__Records supplied__
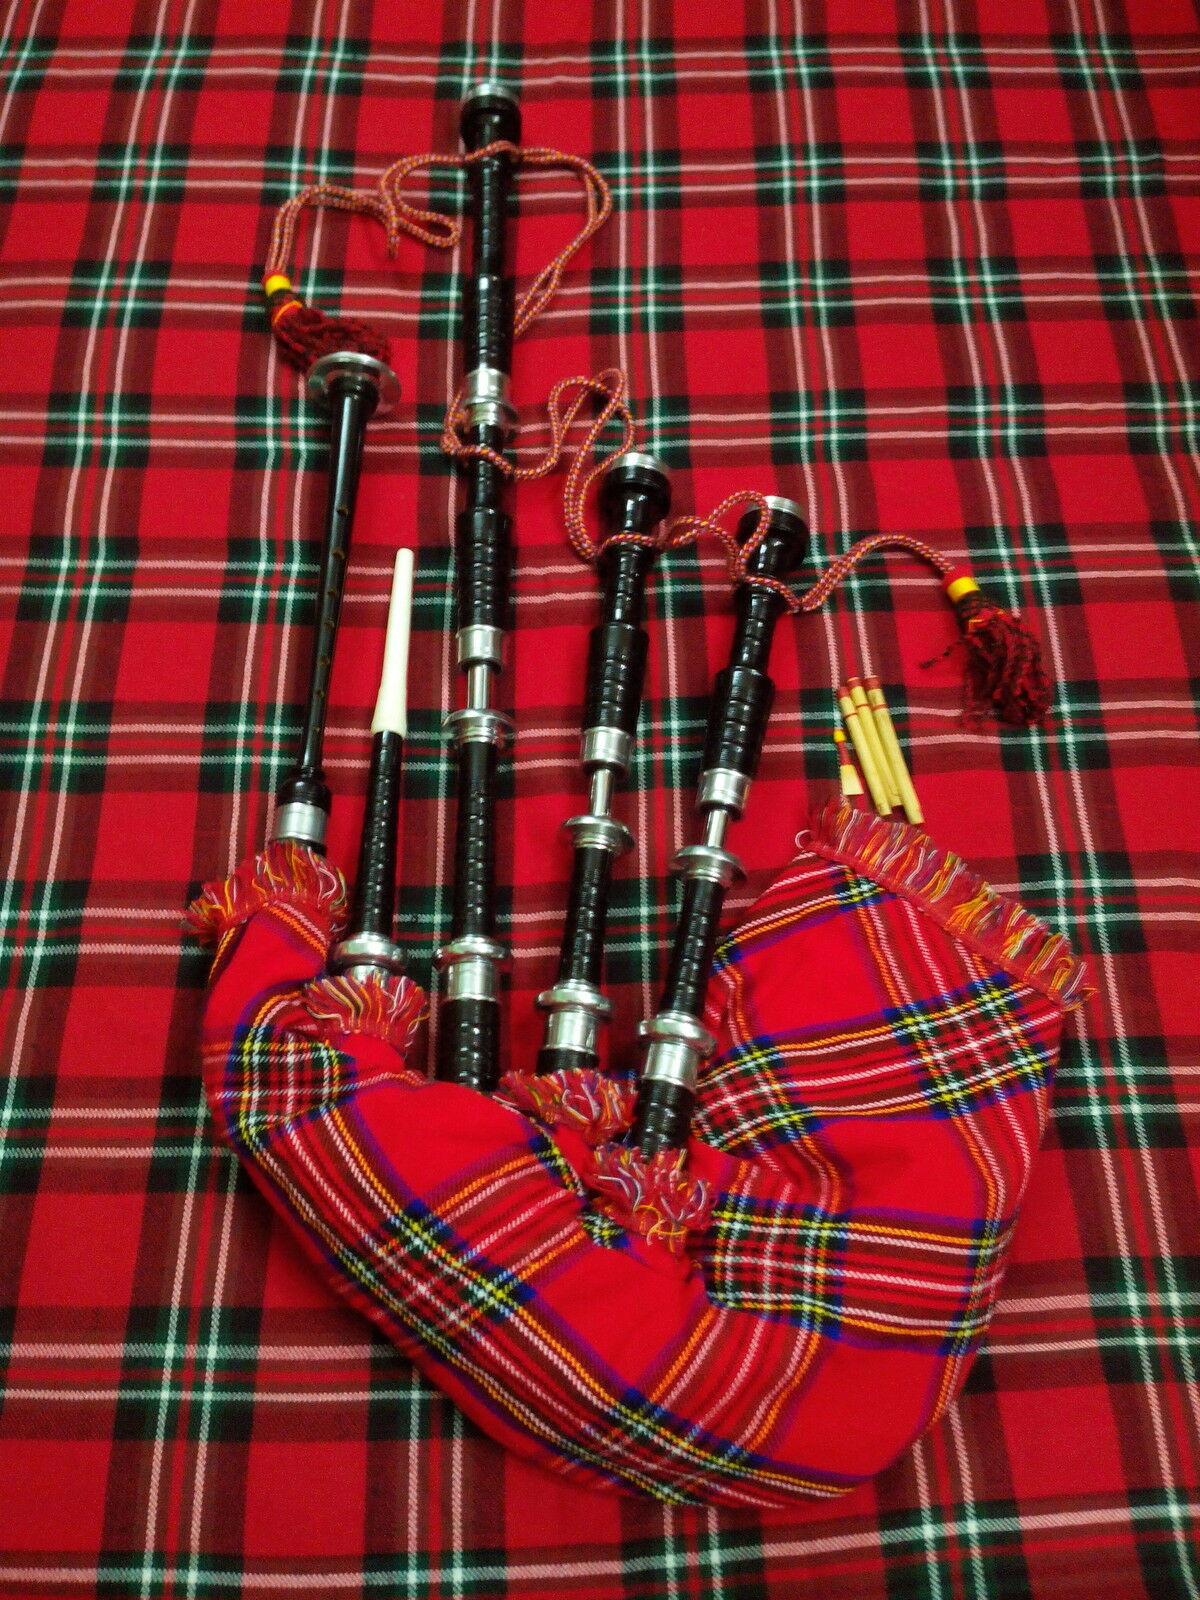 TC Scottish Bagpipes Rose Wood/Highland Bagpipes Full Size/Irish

...

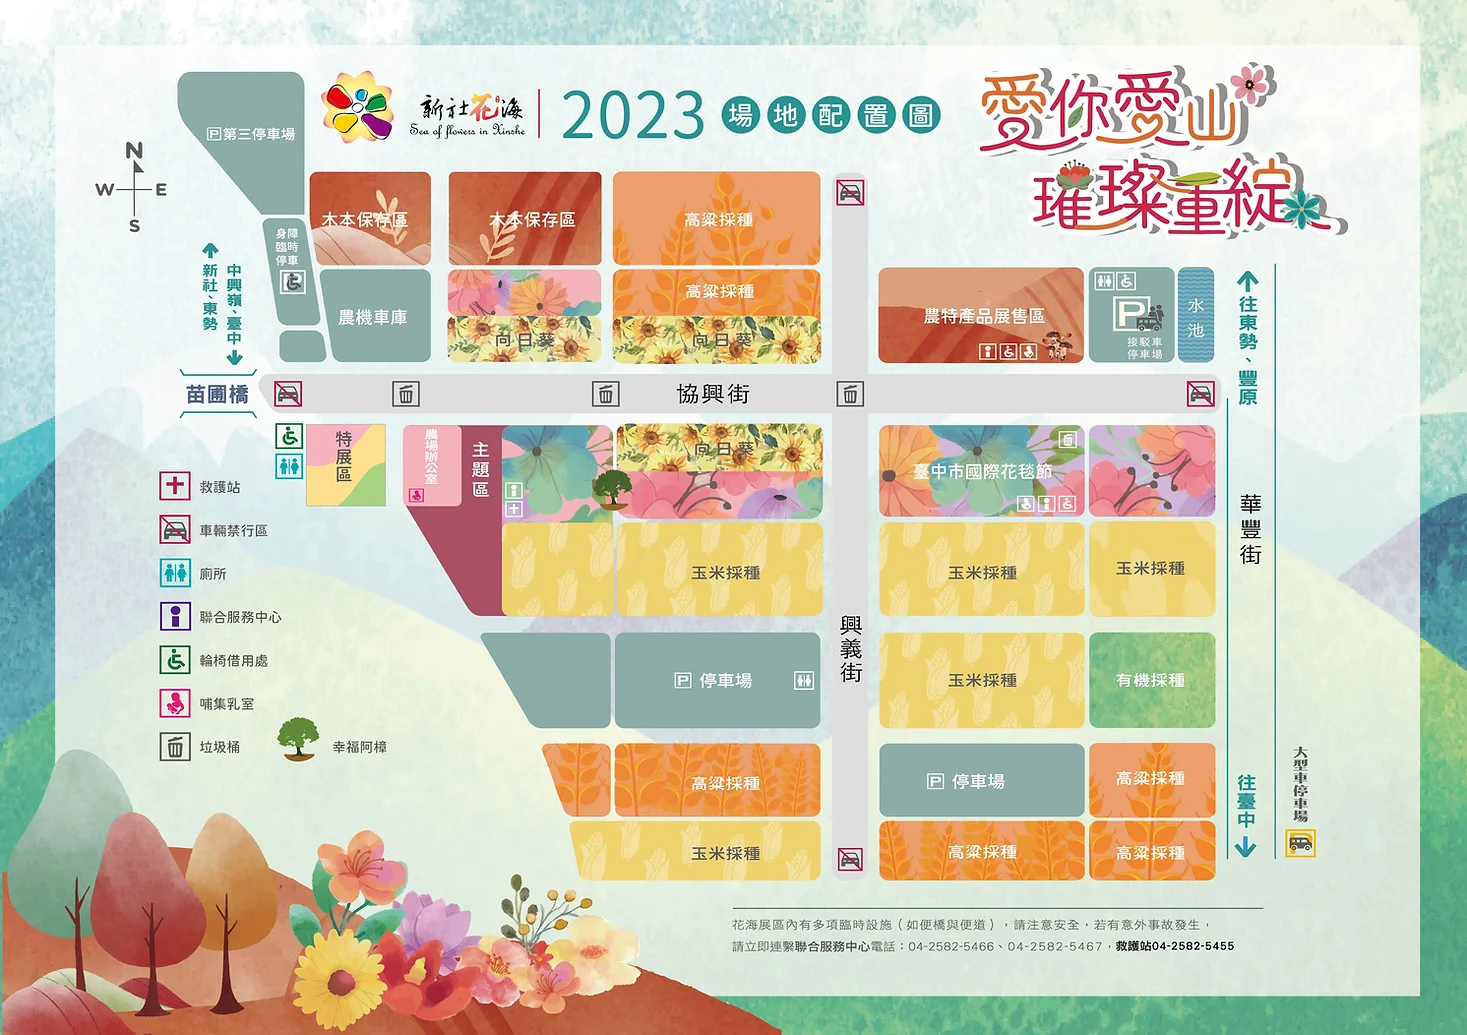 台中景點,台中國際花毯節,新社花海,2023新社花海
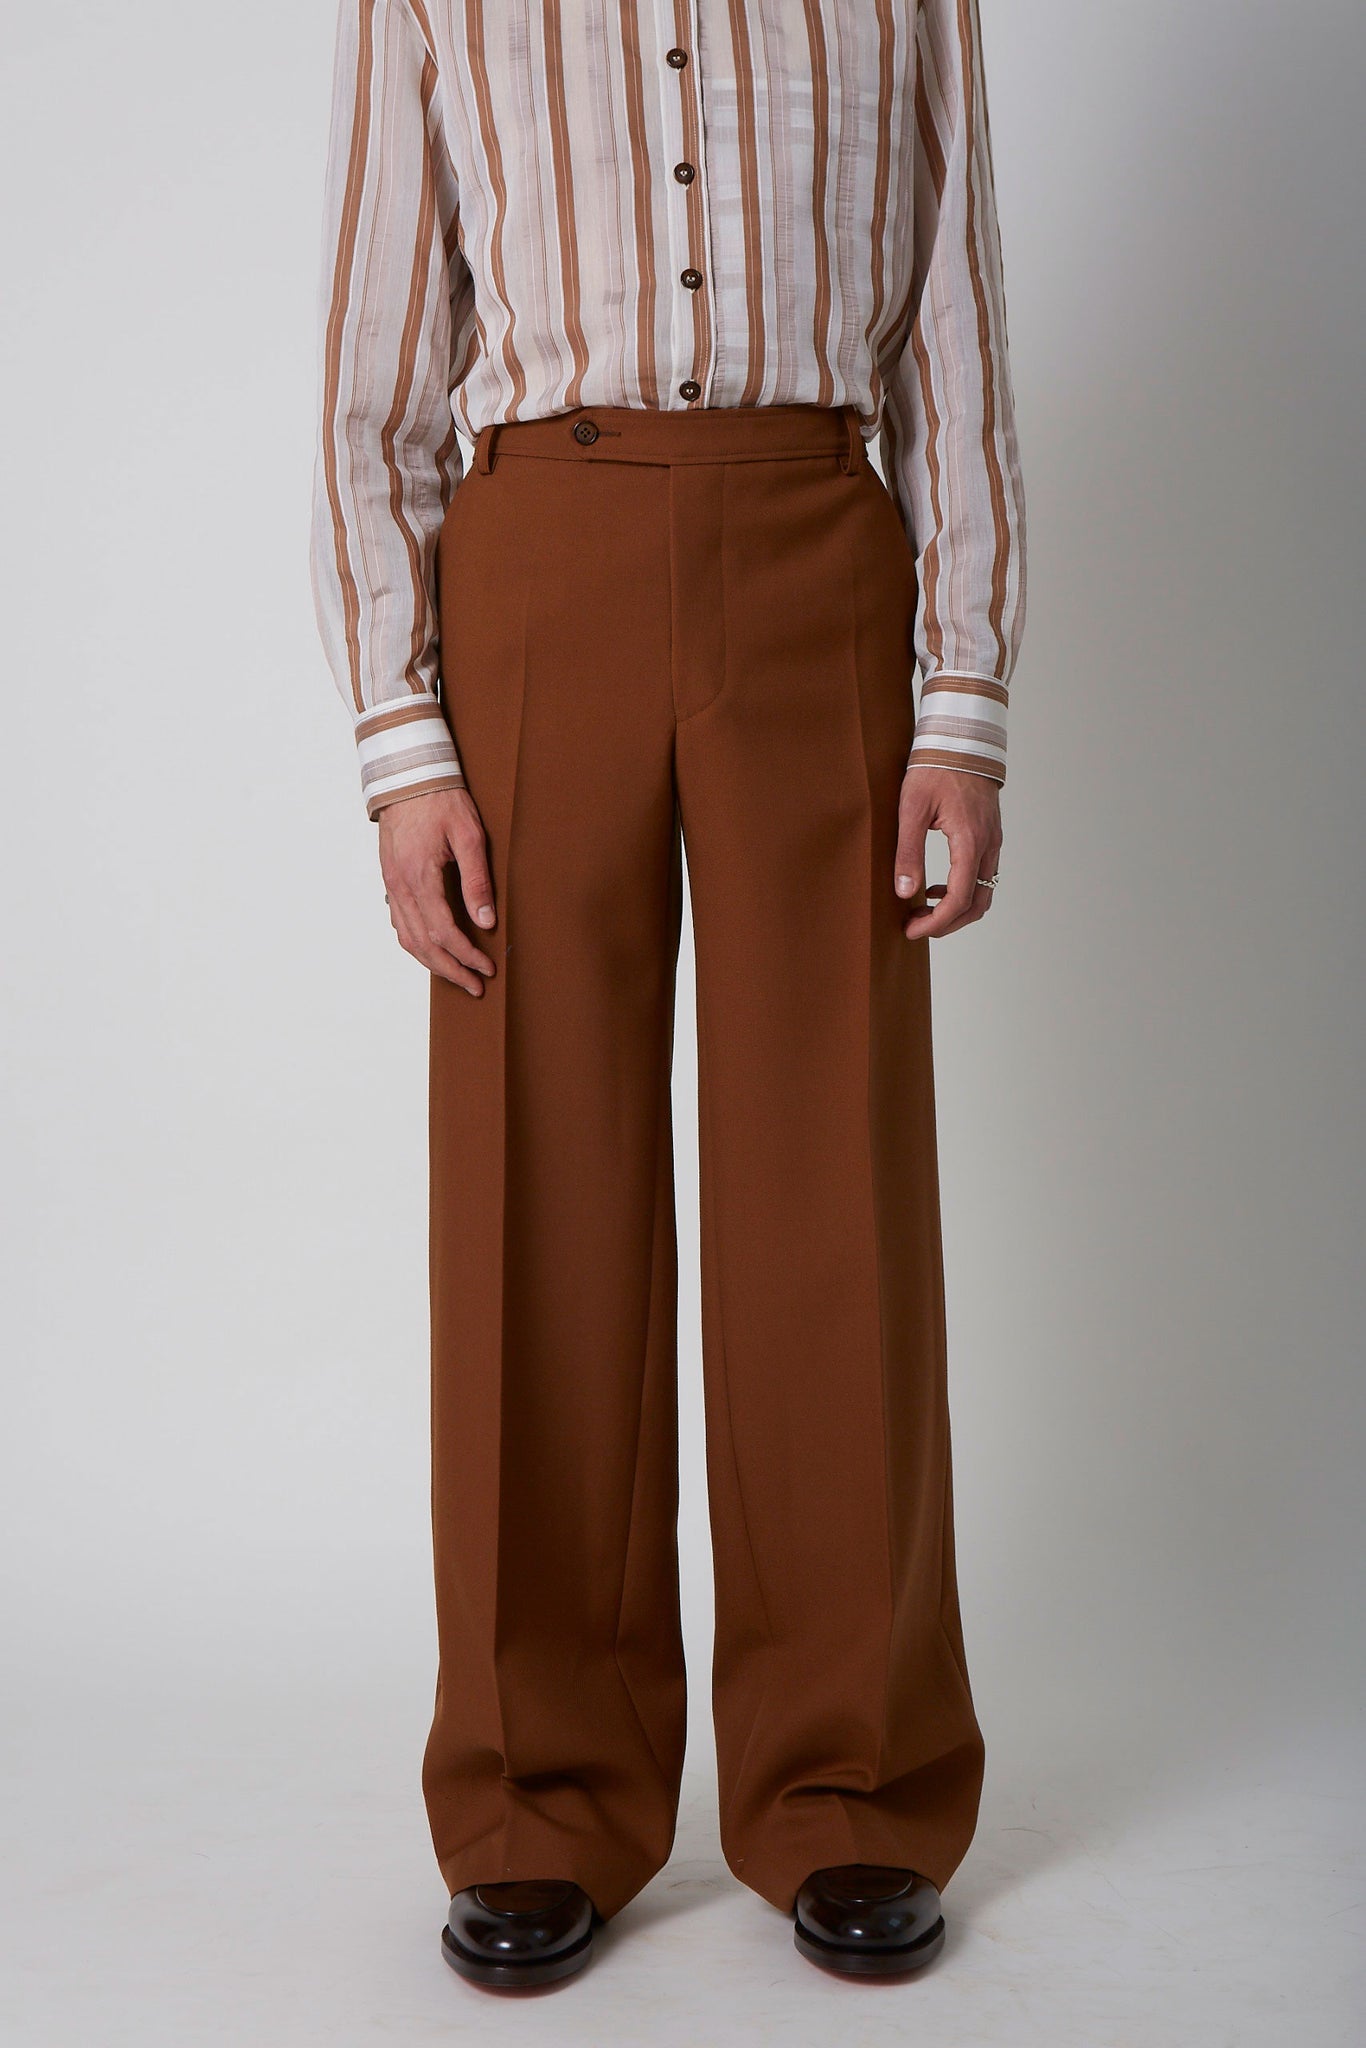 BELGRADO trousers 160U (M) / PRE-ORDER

--

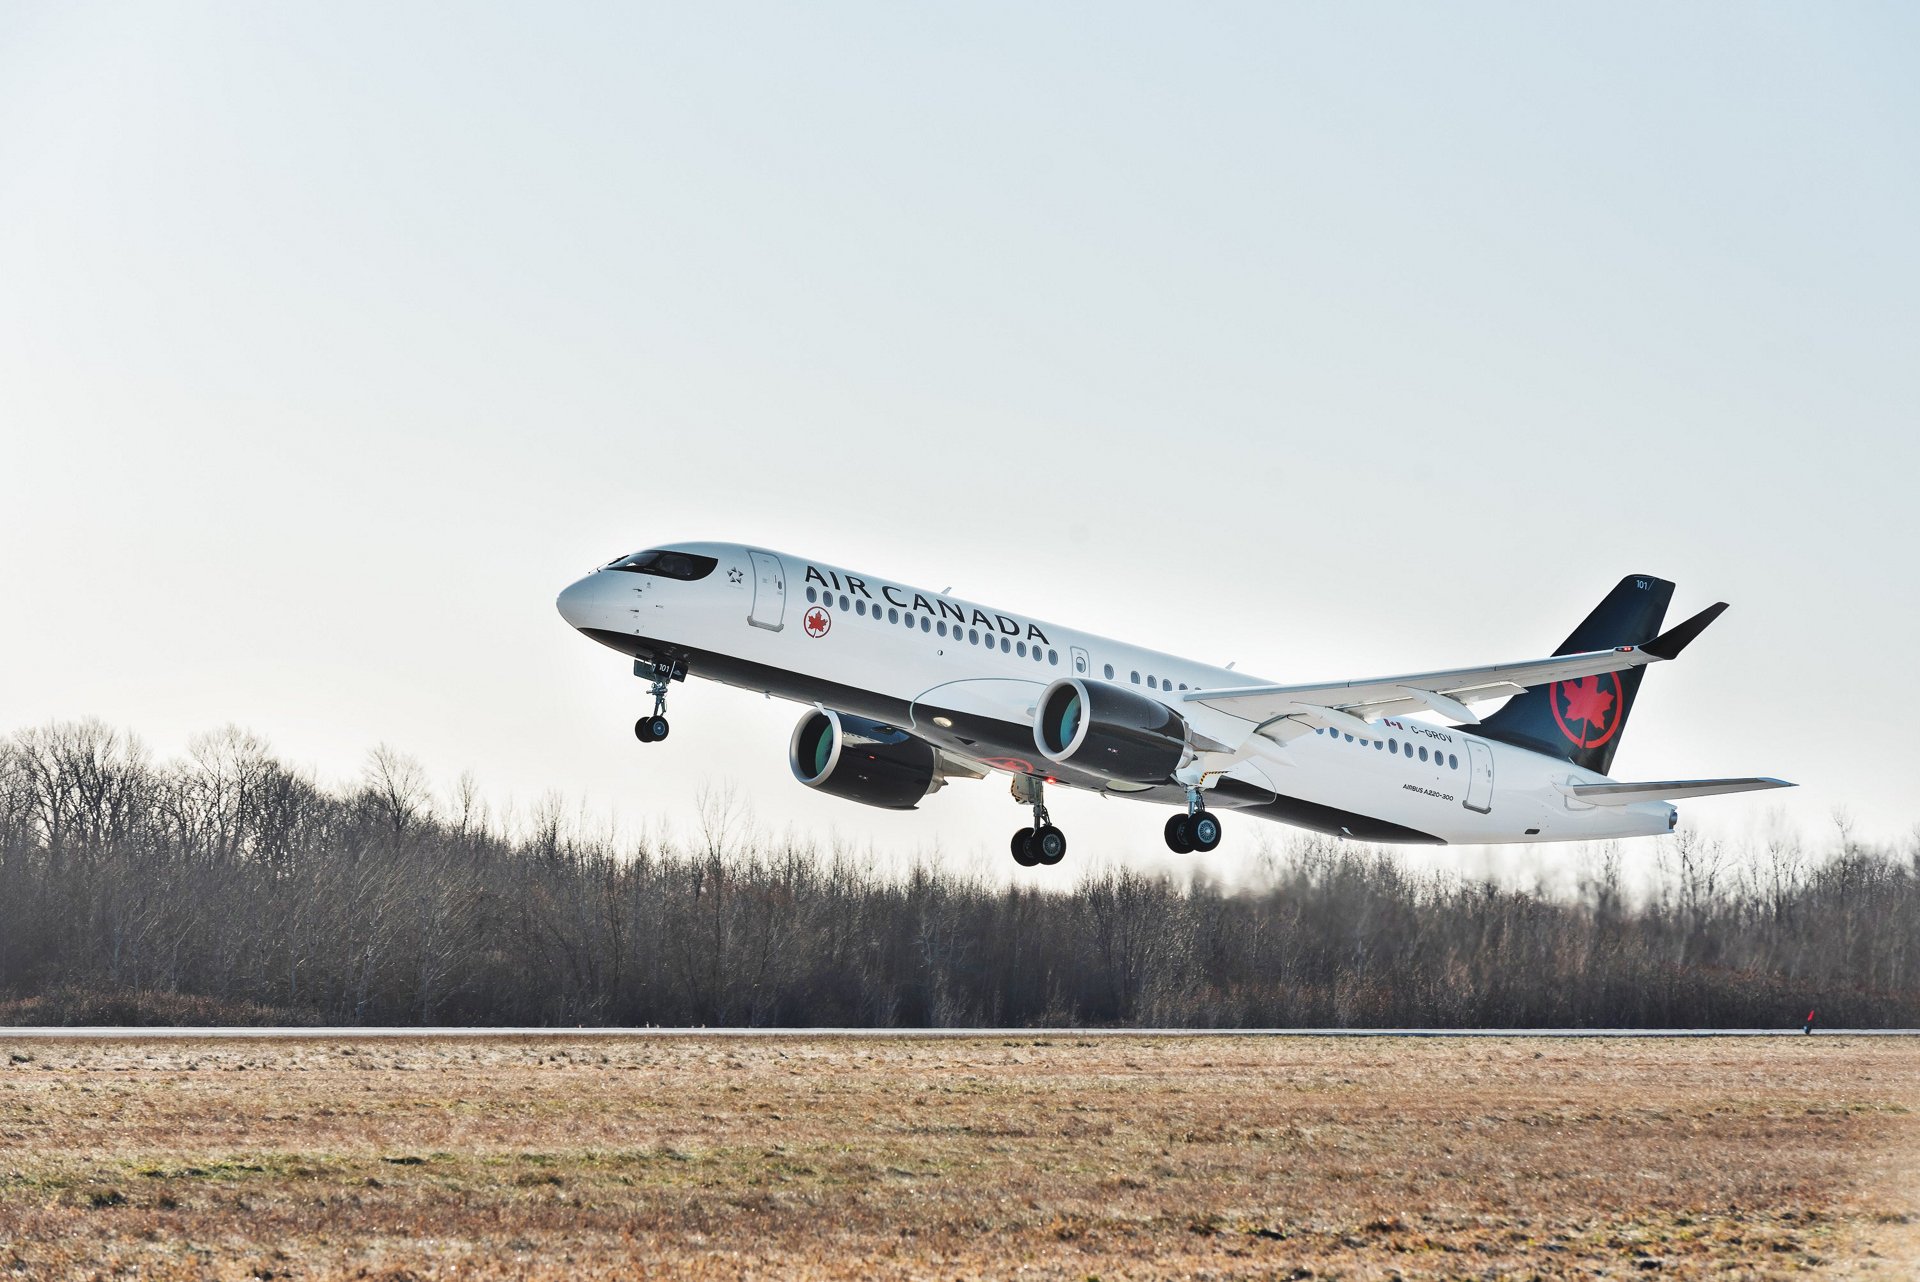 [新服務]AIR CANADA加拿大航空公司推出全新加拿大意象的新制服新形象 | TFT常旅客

__Activity__
Every line above in the stretch from the one with "台中景點,台中國際花毯節,新社花海,2023新社花海" through the one with "BELGRADO trousers 160U (M) / PRE-ORDER" is to be transcribed exactly, ends included. No picture is copied.

__Task solution__
 台中景點,台中國際花毯節,新社花海,2023新社花海
 BELGRADO trousers 160U (M) / PRE-ORDER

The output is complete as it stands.